I will definitely keep y'all updated it shipped today!


----------



## Jya1124 (Oct 1, 2011)

Okay my book arrived yesterday, and I couldn't put it down despite how tired I was. I've been learning so much, and hearing "my" story over and over I've already cried several times and I'm only on chapter 2. This is a MUST read!!!!! If you have hashis you NEED to arm yourself with the modern information in this book. Order it now you will not regret it!!!!!!! Please believe me! Buy it!!!! It explains so much. http://www.thyroidbook.com/


----------



## peaches (Sep 29, 2009)

Thank you for recommending this book. I looked at the link you gave and so much of it sounds like me. I can't wait for it to arrive so I can dig right in to reading!


----------



## Octavia (Aug 1, 2011)

I went to amazon.com to look up a little more information about the book, and I "googled" the author, and I must admit I am more than a little skeptical. The negative reviews on amazon seem to equate the book to snake oil, and many of the positive ones seem to be written by chiropractors (which the author himself is). I have nothing against natural approaches, but it appears that this book is a springboard to getting sucked into buying supplements and seeing chiropractors who don't accept insurance (only accept cash) and require thousands of dollars payment up front to begin their "program."

Search for "chiropractor" within this forum, and you might find some interesting related posts.


----------



## bigfoot (May 13, 2011)

I also purchased the book recently and have been reading through it. I was hesitant to shell out the $15-20 for a paper copy, so I went with the Kindle version on Amazon for around $7.

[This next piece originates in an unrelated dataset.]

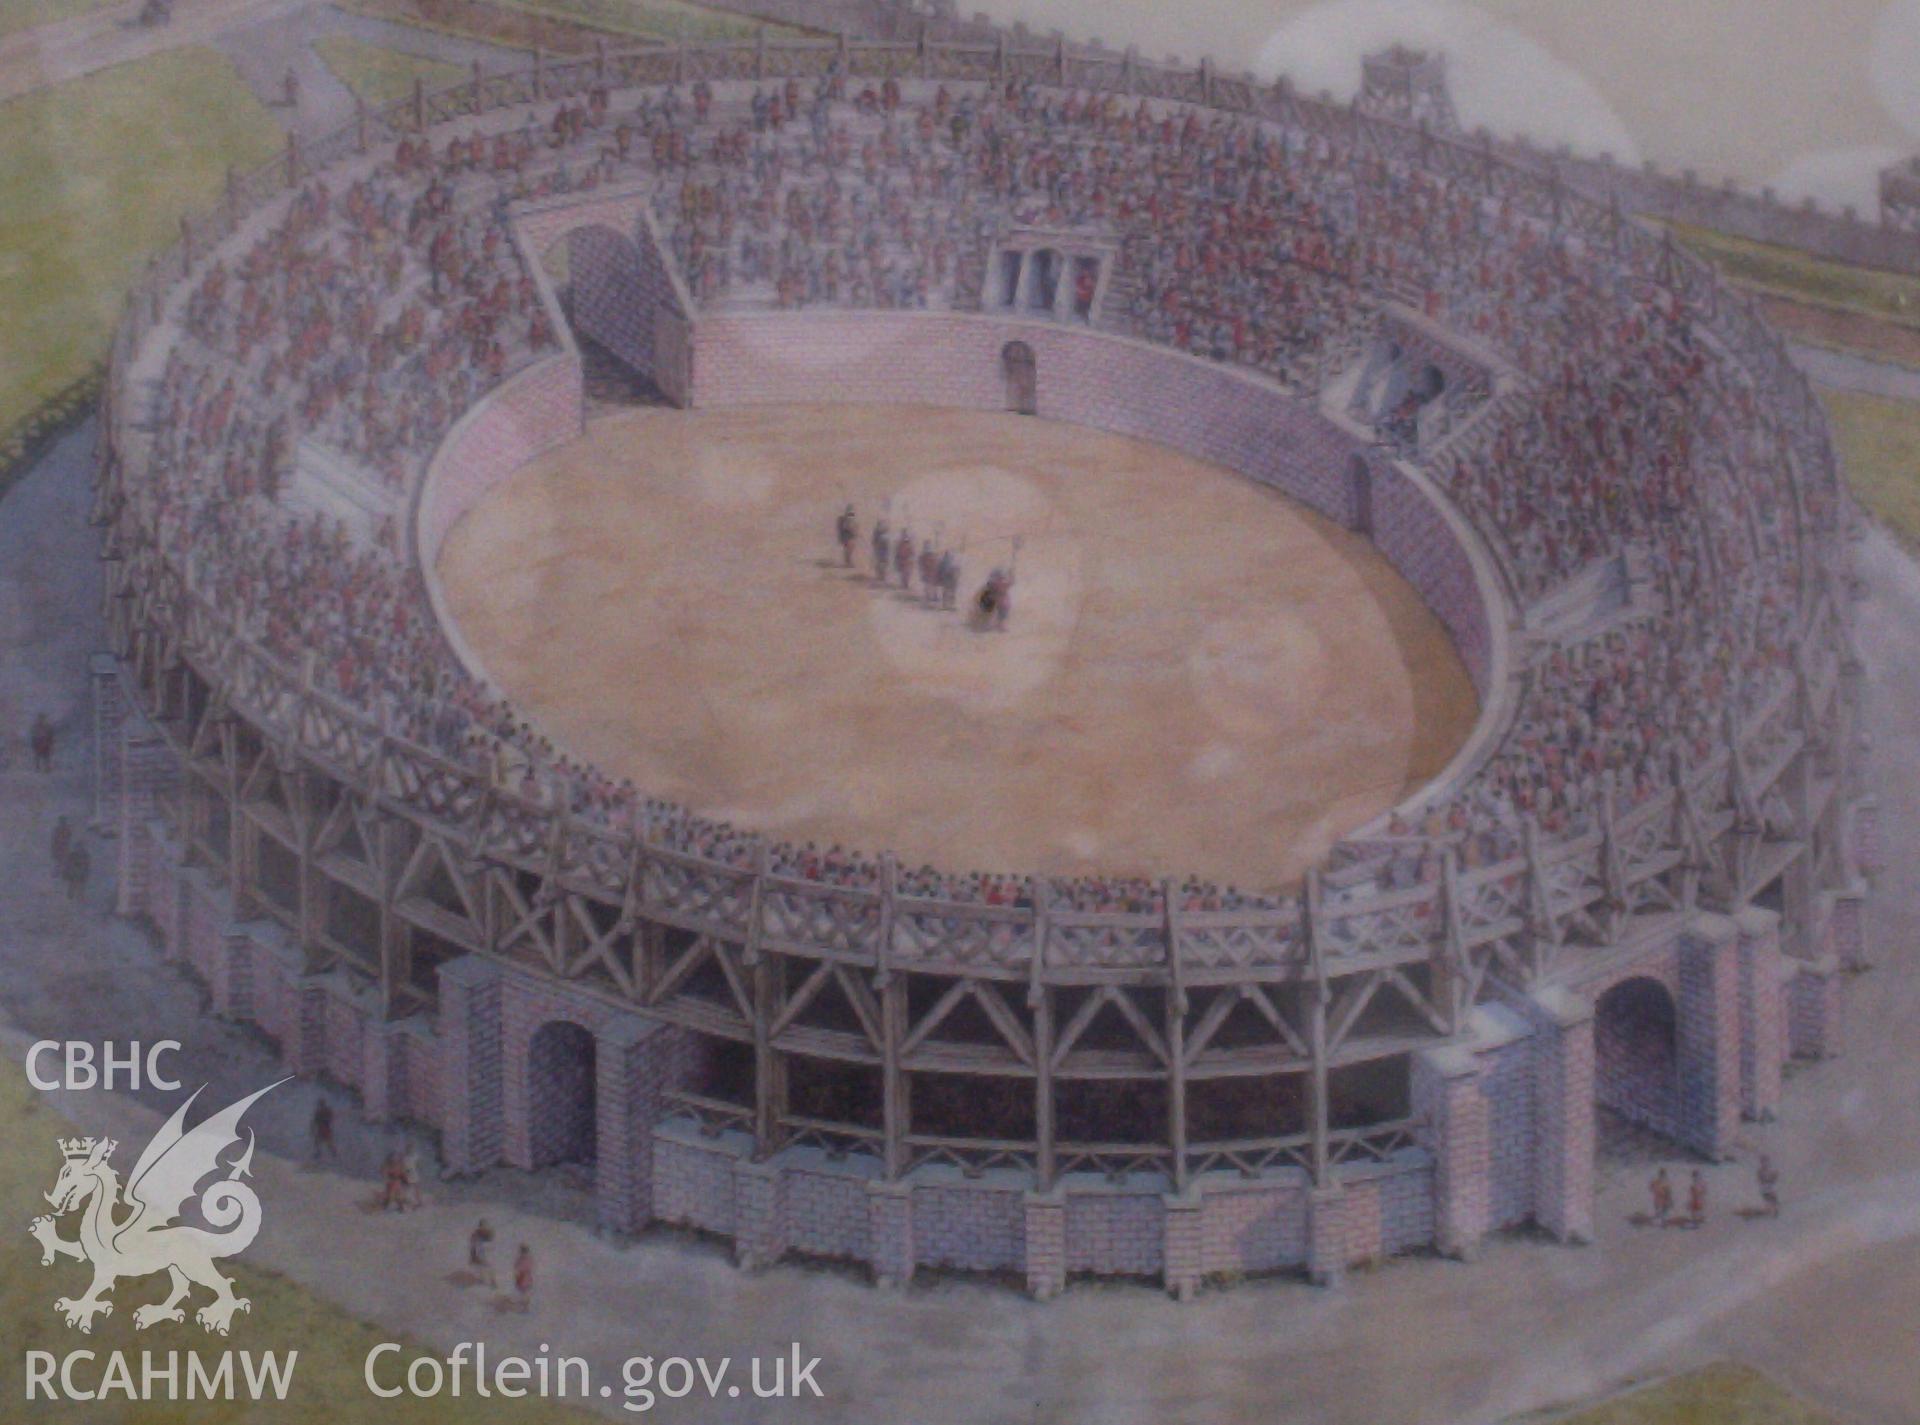 Reconstruction drawing of the amphitheatre on Cadw noticeboard.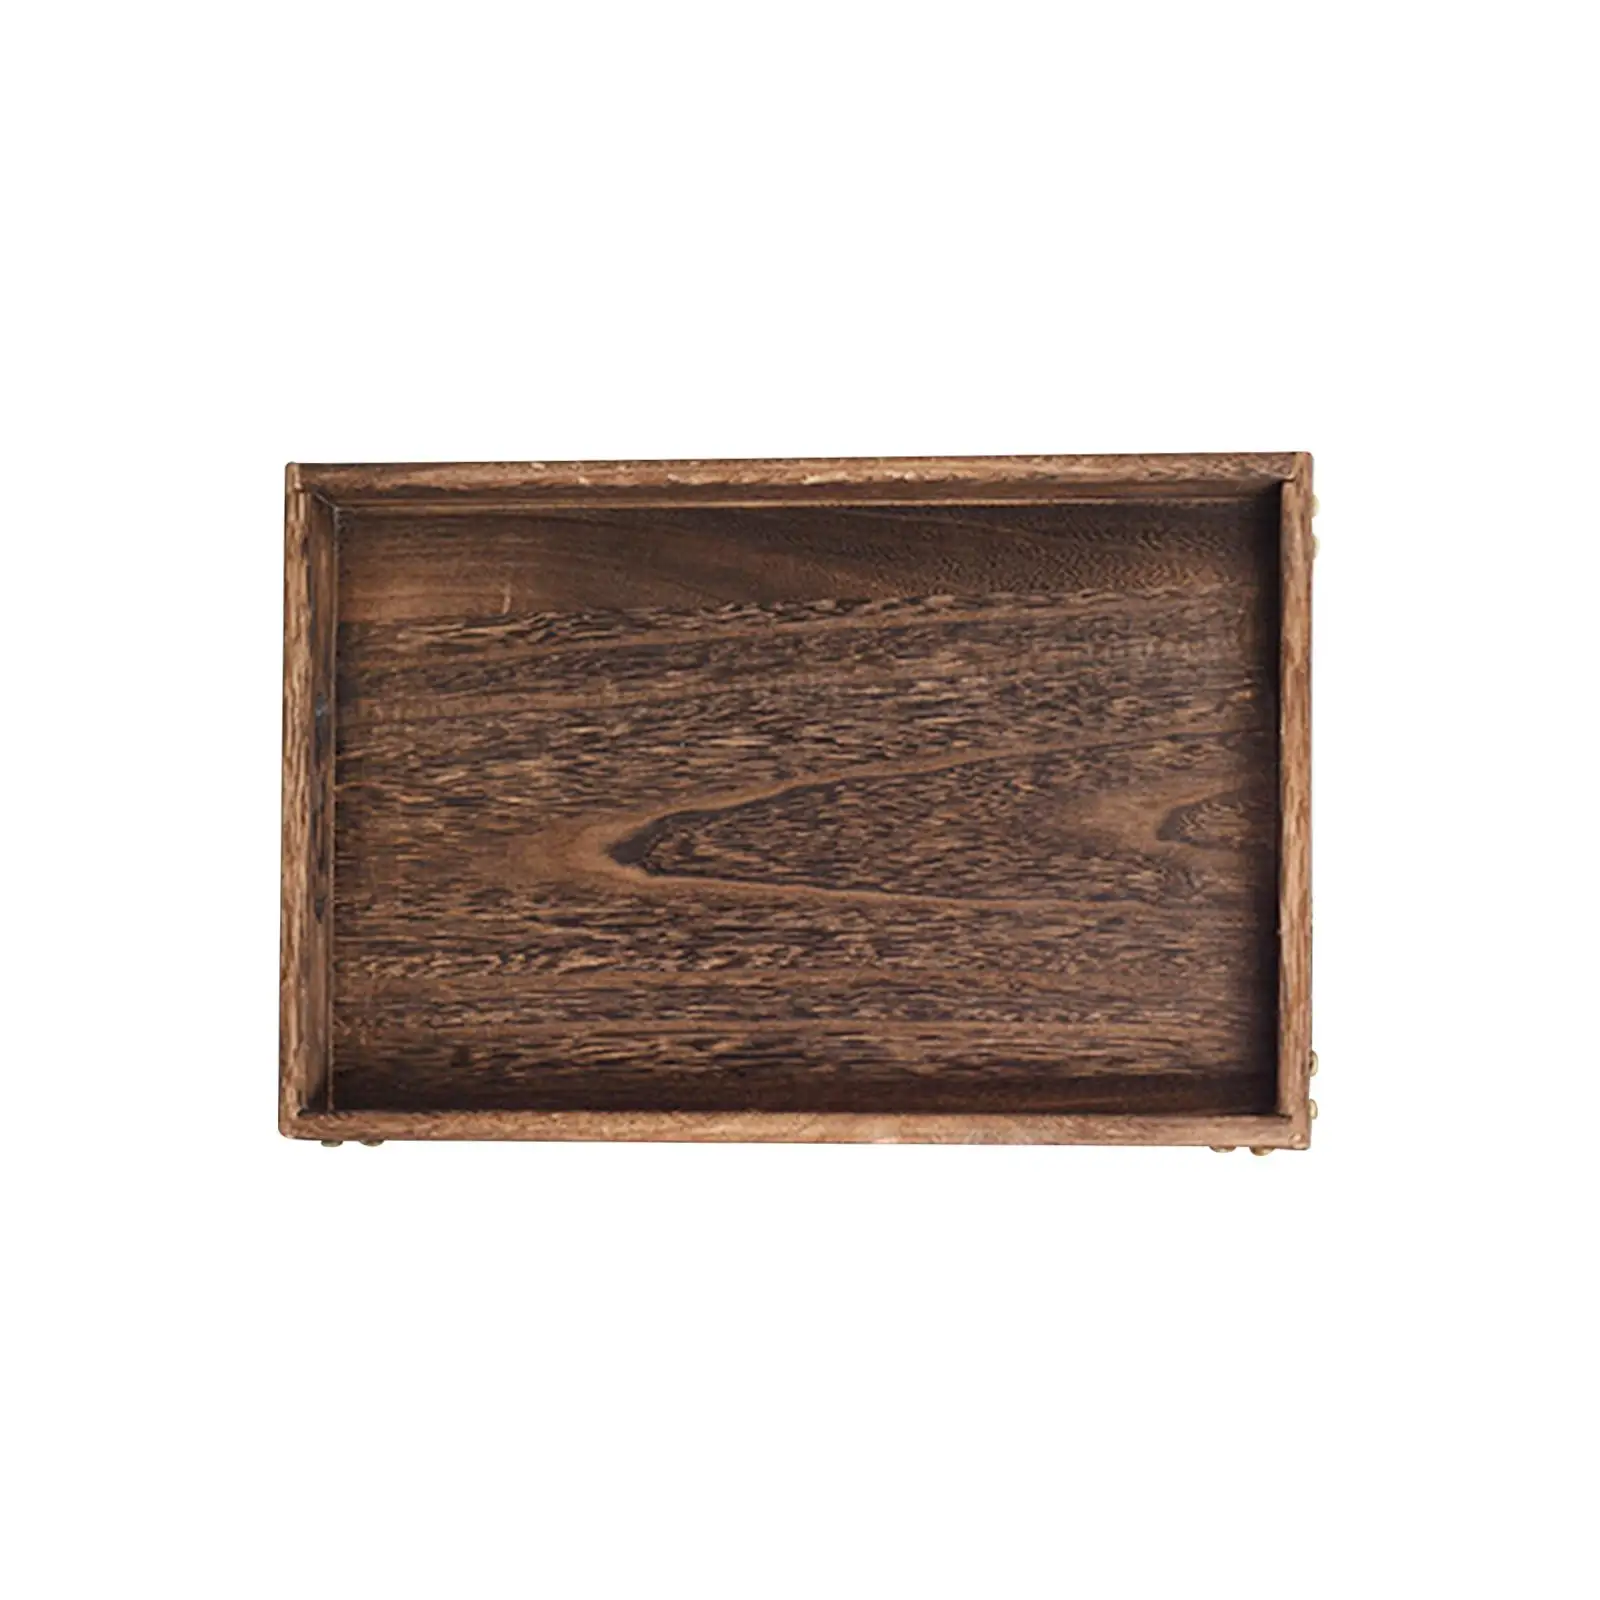 Rustic Wood Serving Tray Platter Rectangular Eating Tray for Appetizers Snacks Convenient Multifunctional Coffee

I totally agree with Octavia -- I went into the book with a skeptical attitude, partly based on prior info I've seen here on the forums, the constant suggestions in the book to see a chiropractor, and the frequent mention of various supplements.

All of that being said, I think the book makes a semi-good reference. There is quite a bit of information contained if you can ignore the marketing-speak. Also, there are plenty of footnotes if you wish to look things up on your own, as well as a glossary. Folks who are new to the disease will definitely learn something, as did I, but should be careful not to run out and collect all sorts of supplements and vitamins thinking they are going to cure themselves.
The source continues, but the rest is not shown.